Ovarian cancer (OC), as the most common and lethal gynecologic malignancies, is the fifth cause of cancer-related death in women globally [1, 2]. Due to the fact that OC is usually asymptomatic at early stages, most of the patients will ultimately progress to advance stages, resulting in a high rate of mortality [3, 4]. Despite recent advances, the lack of effective screening methods and therapeutic modalities are the major hurdles to improve prognoses for management of the disease and the main cause of 5-year survival rate of less than 40% [5]. Thus, exploring novel avenues to improve the status quo is urgently needed.
Obesity has been widely reported to be associated with the metabolic diseases including cancer [6–8]. Notably, obese people are usually at increased risk of developing cancers due to the higher levels of insulin and insulin-like growth factor-1, which may be responsible for certain tumors promotion [9]. Exercise is one of the several modifiable factors known to reduce the risk of developing human malignancies [10–13]. It has been also well documented that exercise has many benefits after diagnosis. There is increasingly mounting evidence that exercise relieve many of the common side effects contributed to the conventional cancer therapy among patients, resulting in a better overall quality of life [14–17]. Besides, a number of observational cohort studies support the view that cancer survivors who had a regular exercise suffered from a lower risk of relapse or cancer-related death after starting treatment regimens [18–20].

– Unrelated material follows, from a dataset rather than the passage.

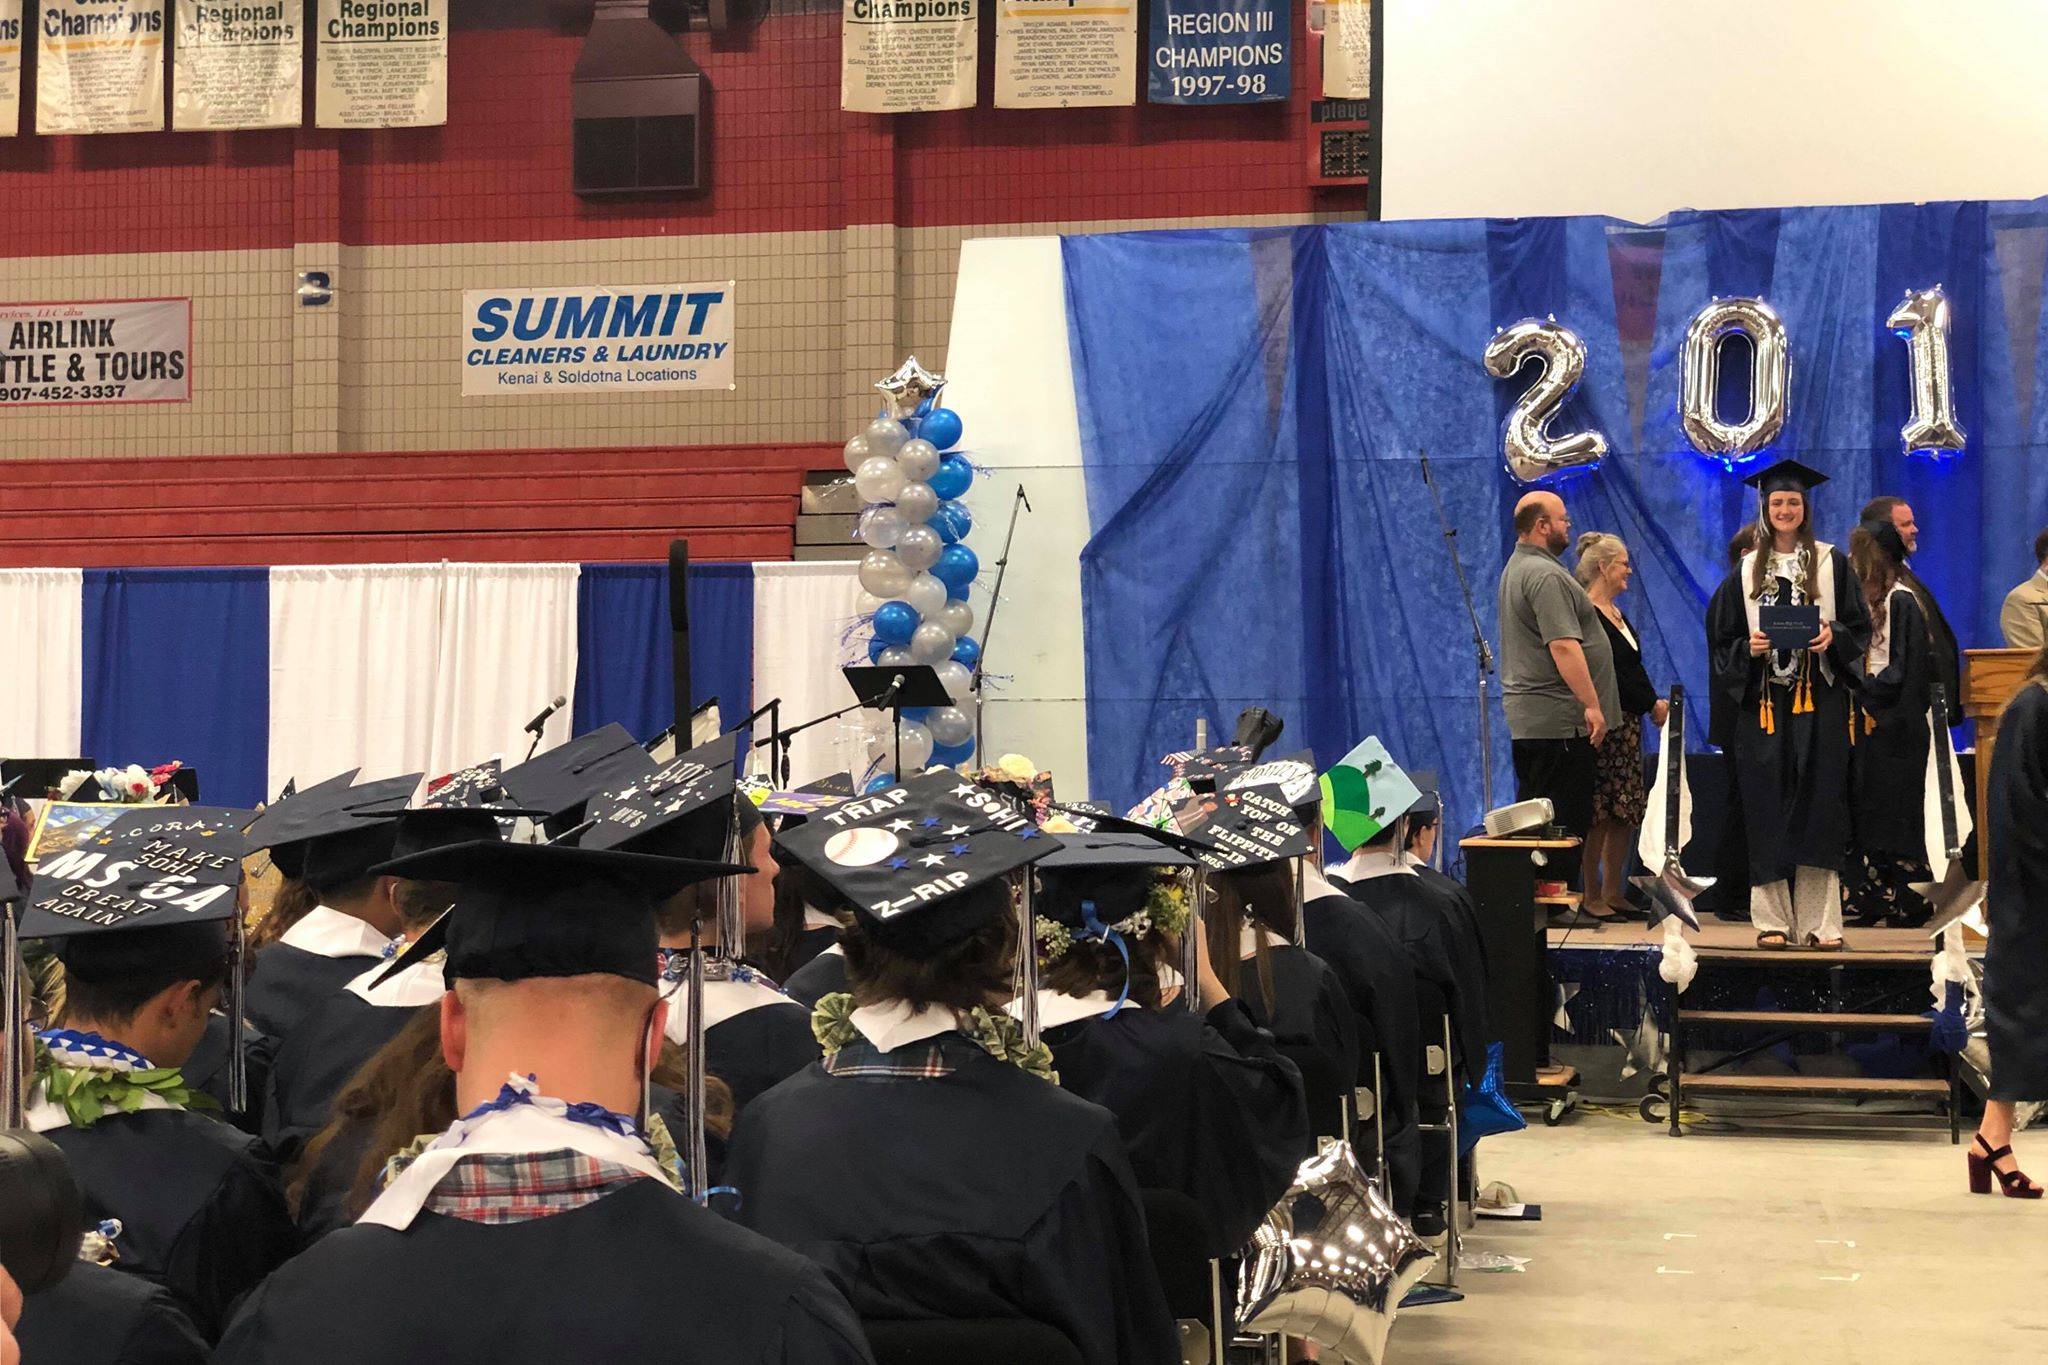 Soldotna High School graduates wait to walk across the stage at Wednesday’s ceremony May 22, 2019, in Soldotna, Alaska. (Photo by Victoria Petersen/Peninsula Clarion)

Recently, skeletal muscle is gaining special interest in terms of releasing various myokines which exert beneficial effects in metabolic disorders. Of these, irisin, a novel promising identified myokine releasing from skeletal muscle following exercise, is believed as a potential therapeutic in a variety of diseases [21, 22]. Previous studies have documented the positive association between irisin and body energy expenditure as well as insulin sensitivity [23]. Additionally, irisin has been verified to have a pivotal role in smooth muscle cell phenotype modulation by regulating endothelial cell proliferation, apoptosis and migration [24]. Due to the strong metabolic effects of irisin on several tissue types, it is questionable whether irisin has the ability to modulate malignant features of cells and tissues similar to other myokines [25]. In the past decade, the relationship between irisin and different cancers have been the focus of many studies. Represented data from a recent study found a lower level of serum irisin in patients with breast cancer, while other studies indicated that irisin was significantly increased in gastrointestinal cancer tissues [26–28]. Moreover, a number of studies have detected increased irisin immunoreactivity in ovarian, cervix and breast cancer tissues as well as endometrial hyperplasias [29].

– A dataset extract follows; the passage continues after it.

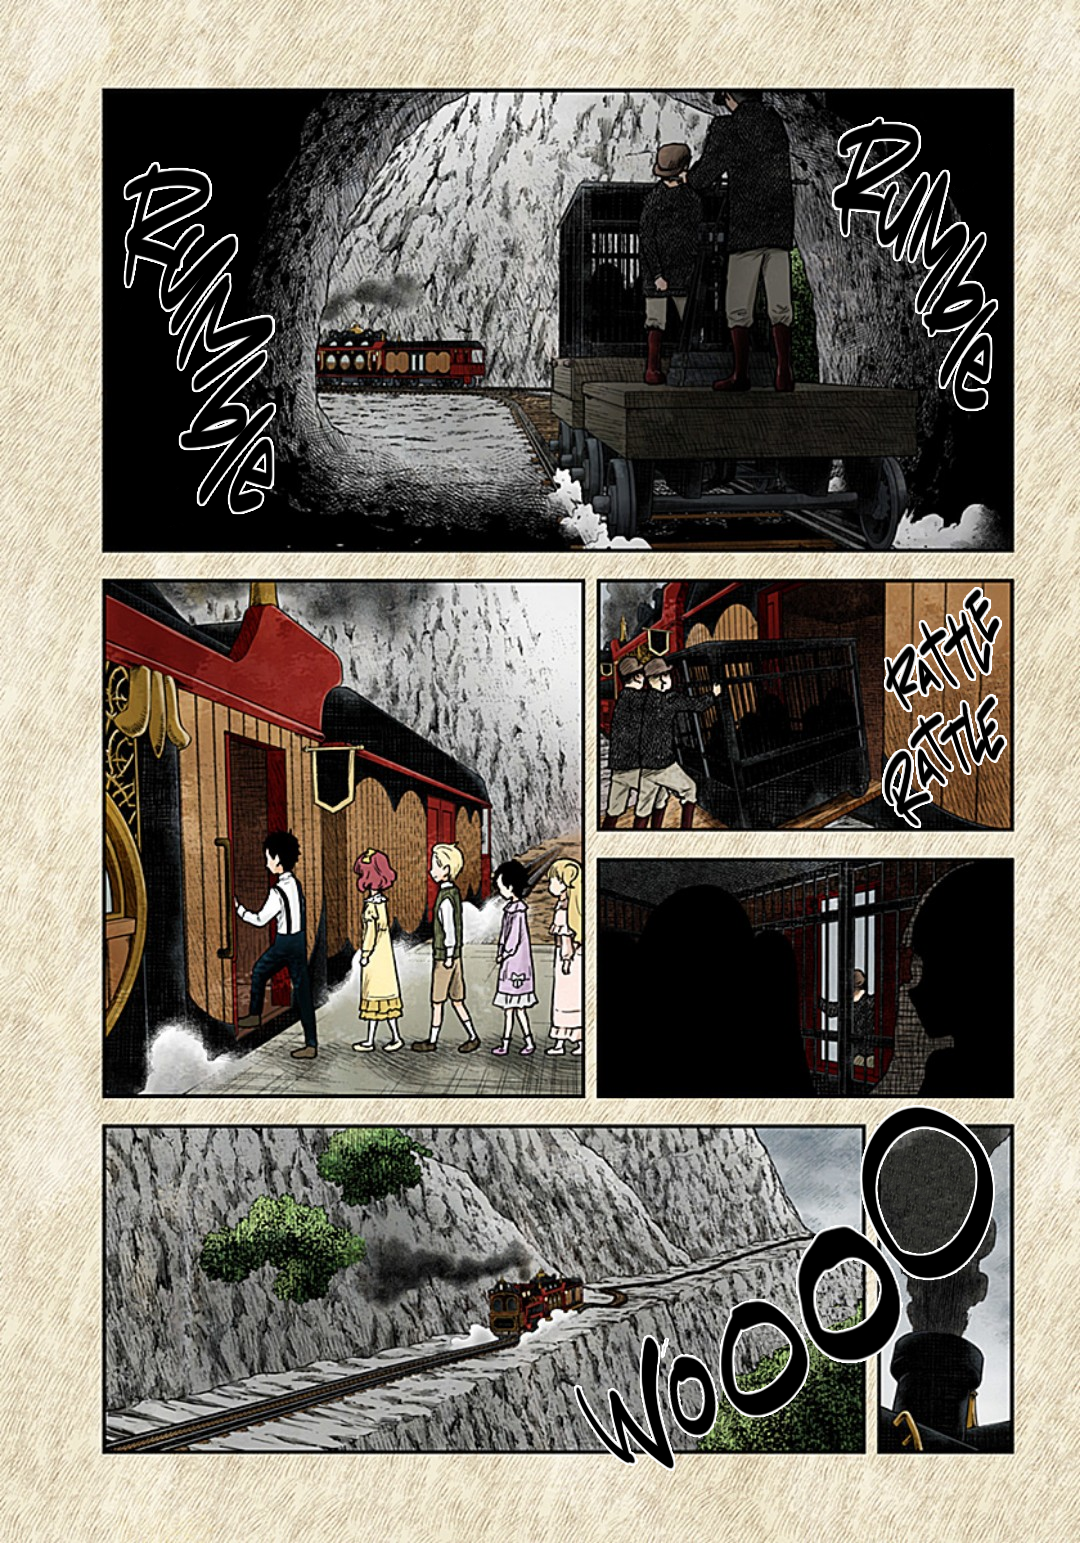 Shadows House - Page 2

In the context of cancer metabolism, reprogramming of glucose metabolism is a pervasive microenvironmental event in tumorigenesis. To this end, cancer cells preferentially switch from oxidative phosphorylation (OXPHOS) to glycolysis, even under normal oxygen concentration. This particular metabolic profile –defined as Warburg effect- is a key hallmark of many solid tumors including OC [30].
Growing evidence demonstrated that many signal molecules including tumor suppressor genes and oncogenes play substantial roles in conferring metabolic advantages and adaptation to the tumorigenic microenvironment [30]. Of these documented genes, the hypoxia-inducible factor-1α (HIF-1α) is a transcription factor regulating many pivotal pathways in cancerous cells [31].
Although the importance of HIF-1α in the induction of the Warburg effect is largely highlighted, the involvement and influences of other factors should not be underestimated. A number of studies notably suggested that crosstalk between HIF-1α and oncogenic c-Myc lead to increased uptake of glucose and its conversion to lactate which subsequently modulate the cancer cell’s microenvironment through regulation of common downstream target genes, such as pyruvate dehydrogenase kinase 1(PDK1) and lactate dehydrogenase A (LDHA) [32]. It is also noticeable that angiogenesis is necessary for tumor growth and metastasis .HIF-1α also upregulates the expression of the angiogenic growth factors such as vascular endothelial growth factor (VEGF), which in turn stimulates neovascularization a fundamental process for tumor progression [33].
Considering the above mentioned points, we intended to evaluate the effect of irisin as a promising myokine on tumorigenic features of ovarian cancer cells and to regulate genes correlated with aerobic metabolism.